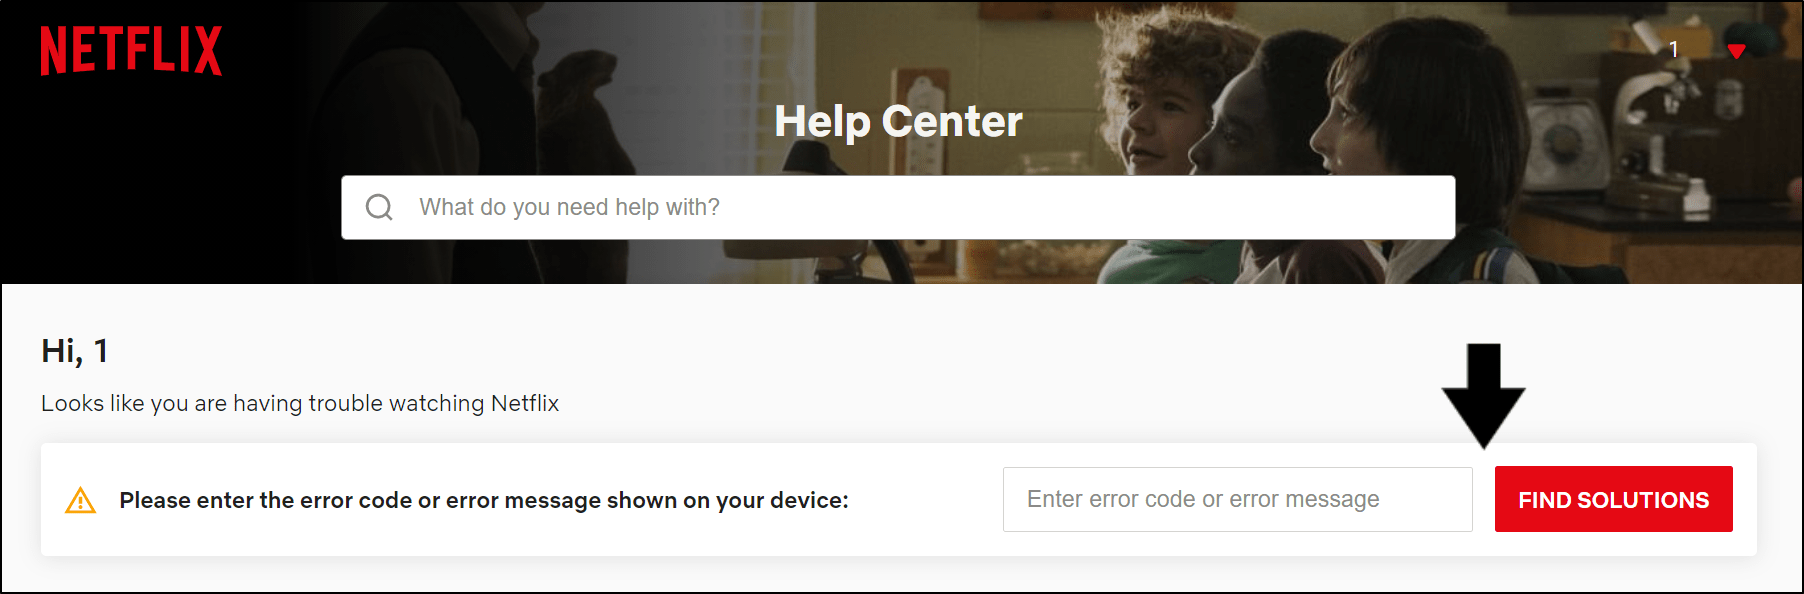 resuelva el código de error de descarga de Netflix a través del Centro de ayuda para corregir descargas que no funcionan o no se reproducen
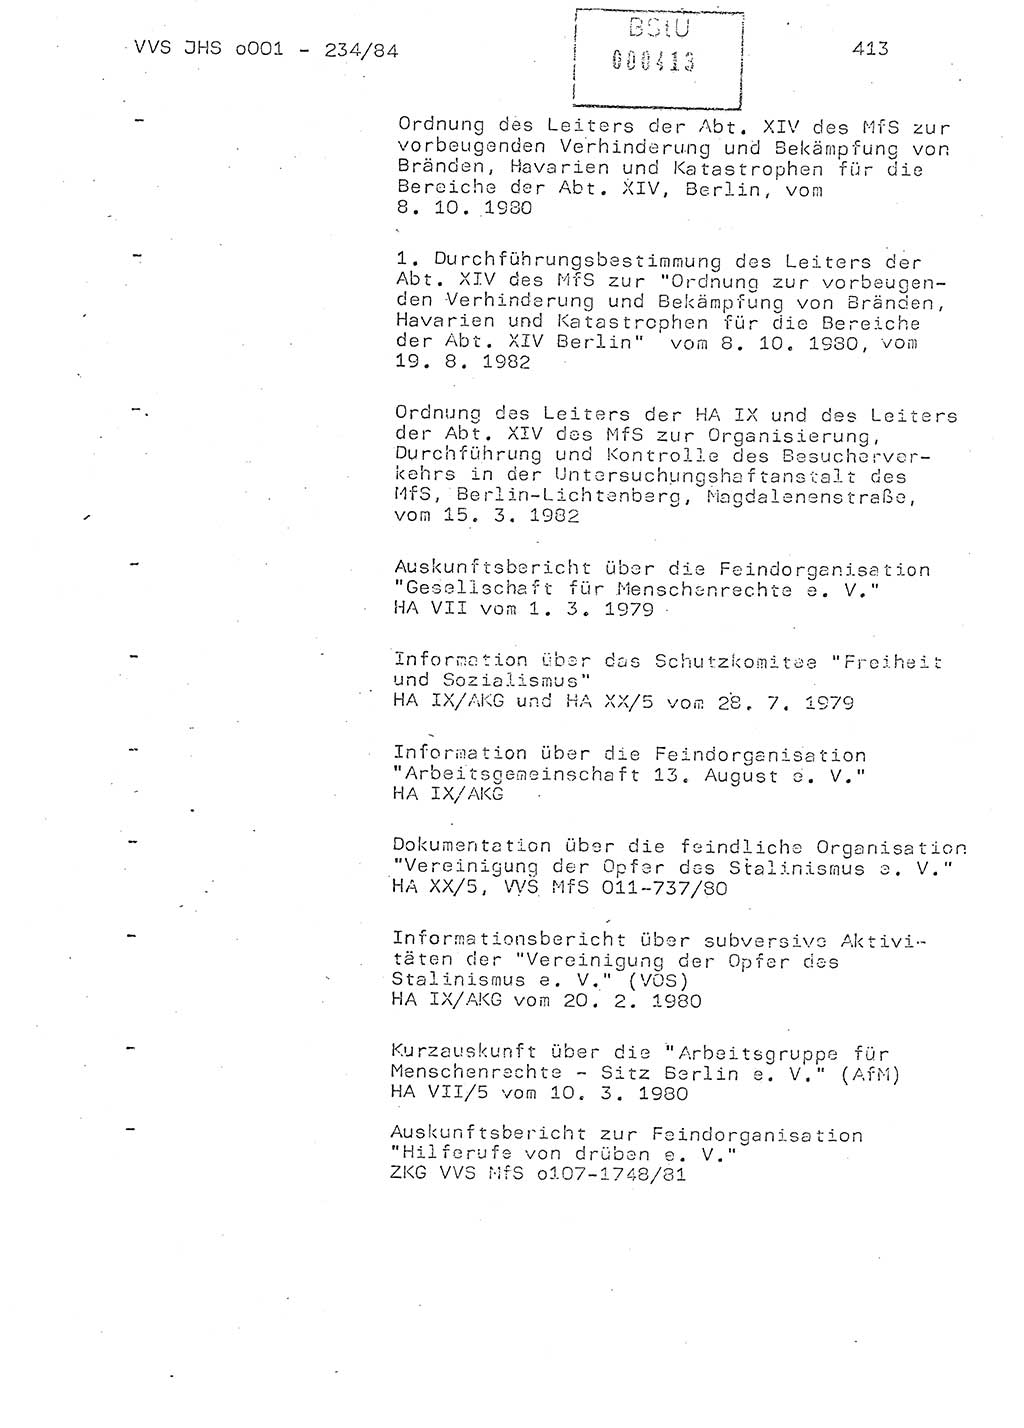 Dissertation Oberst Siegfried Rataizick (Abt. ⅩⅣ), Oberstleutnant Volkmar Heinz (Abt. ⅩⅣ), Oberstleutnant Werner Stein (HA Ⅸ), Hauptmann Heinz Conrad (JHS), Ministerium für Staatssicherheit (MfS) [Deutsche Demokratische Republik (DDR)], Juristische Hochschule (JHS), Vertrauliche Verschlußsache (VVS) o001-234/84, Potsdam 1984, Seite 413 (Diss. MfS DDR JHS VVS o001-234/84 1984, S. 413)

+---+

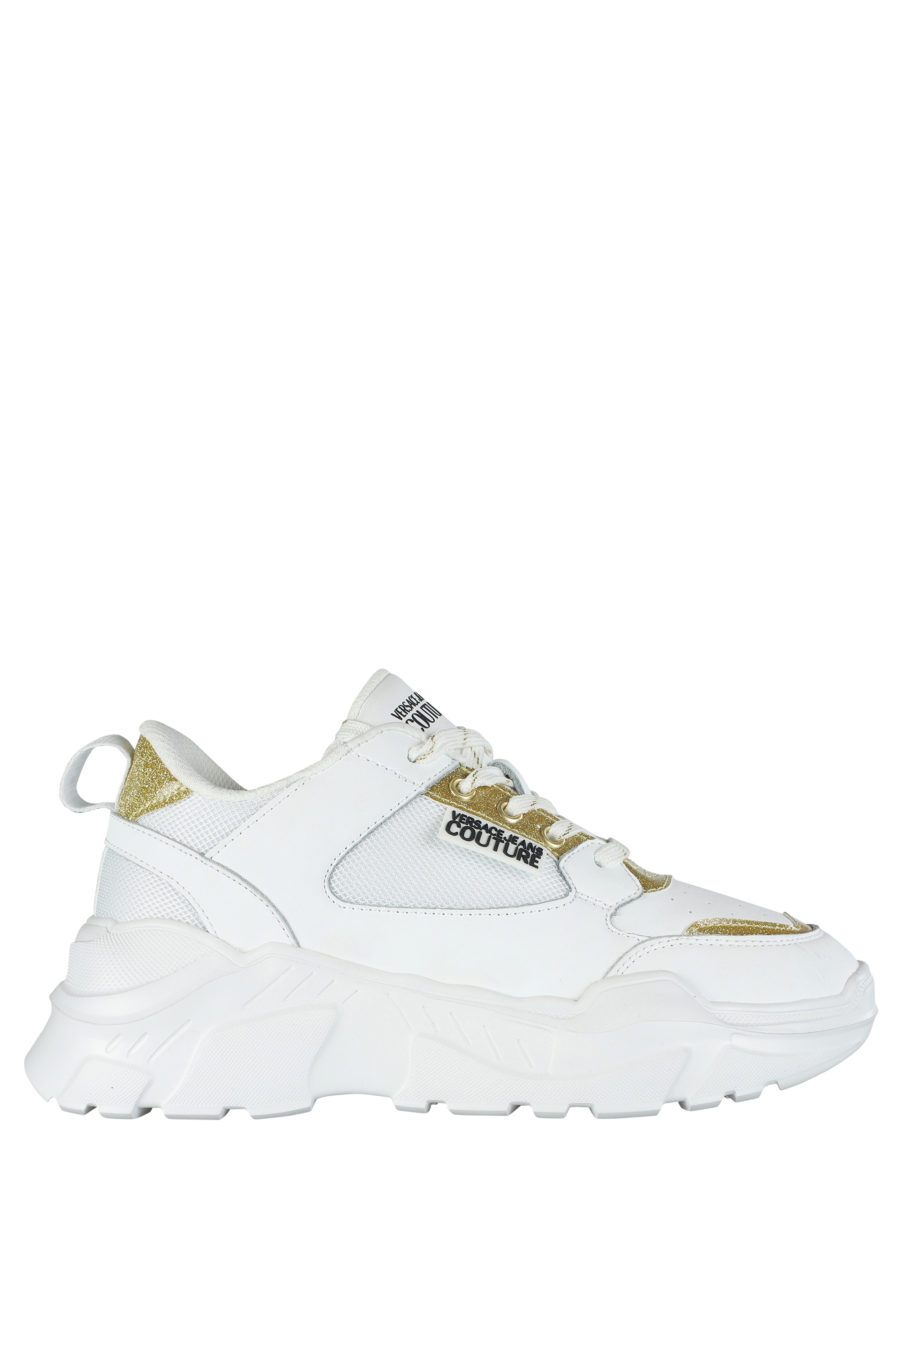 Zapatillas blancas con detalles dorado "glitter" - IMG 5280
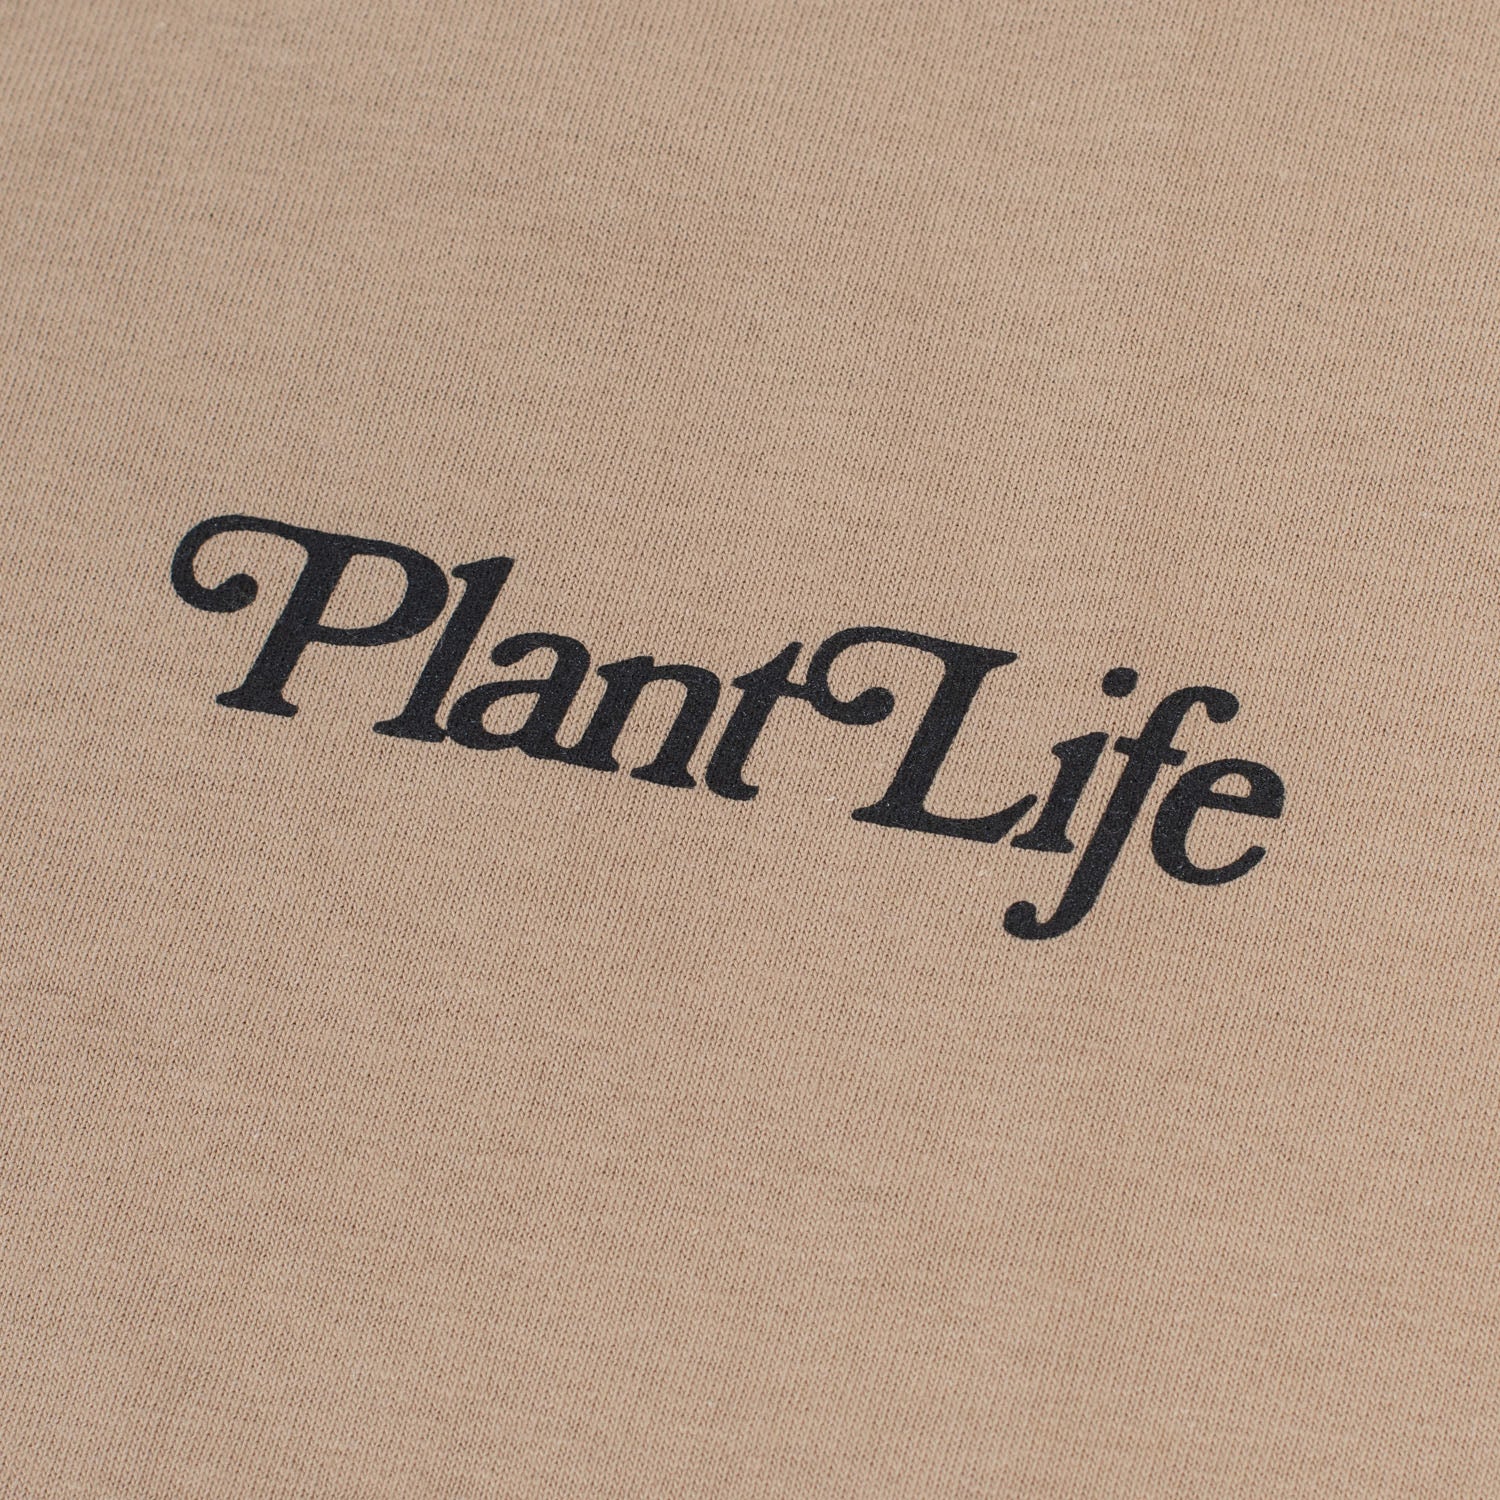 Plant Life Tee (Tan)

+---+

▶ _Exercise description_: Leaving each picture behind, please give again exactly the lines above from the one with "resuelva el código" through the one with "Dissertation Oberst Siegfried", both included, and no others.

▶ _Response to the task_:
 resuelva el código de error de descarga de Netflix a través del Centro de ayuda para corregir descargas que no funcionan o no se reproducen
 Dissertation Oberst Siegfried Rataizick (Abt. ⅩⅣ), Oberstleutnant Volkmar Heinz (Abt. ⅩⅣ), Oberstleutnant Werner Stein (HA Ⅸ), Hauptmann Heinz Conrad (JHS), Ministerium für Staatssicherheit (MfS) [Deutsche Demokratische Republik (DDR)], Juristische Hochschule (JHS), Vertrauliche Verschlußsache (VVS) o001-234/84, Potsdam 1984, Seite 413 (Diss. MfS DDR JHS VVS o001-234/84 1984, S. 413)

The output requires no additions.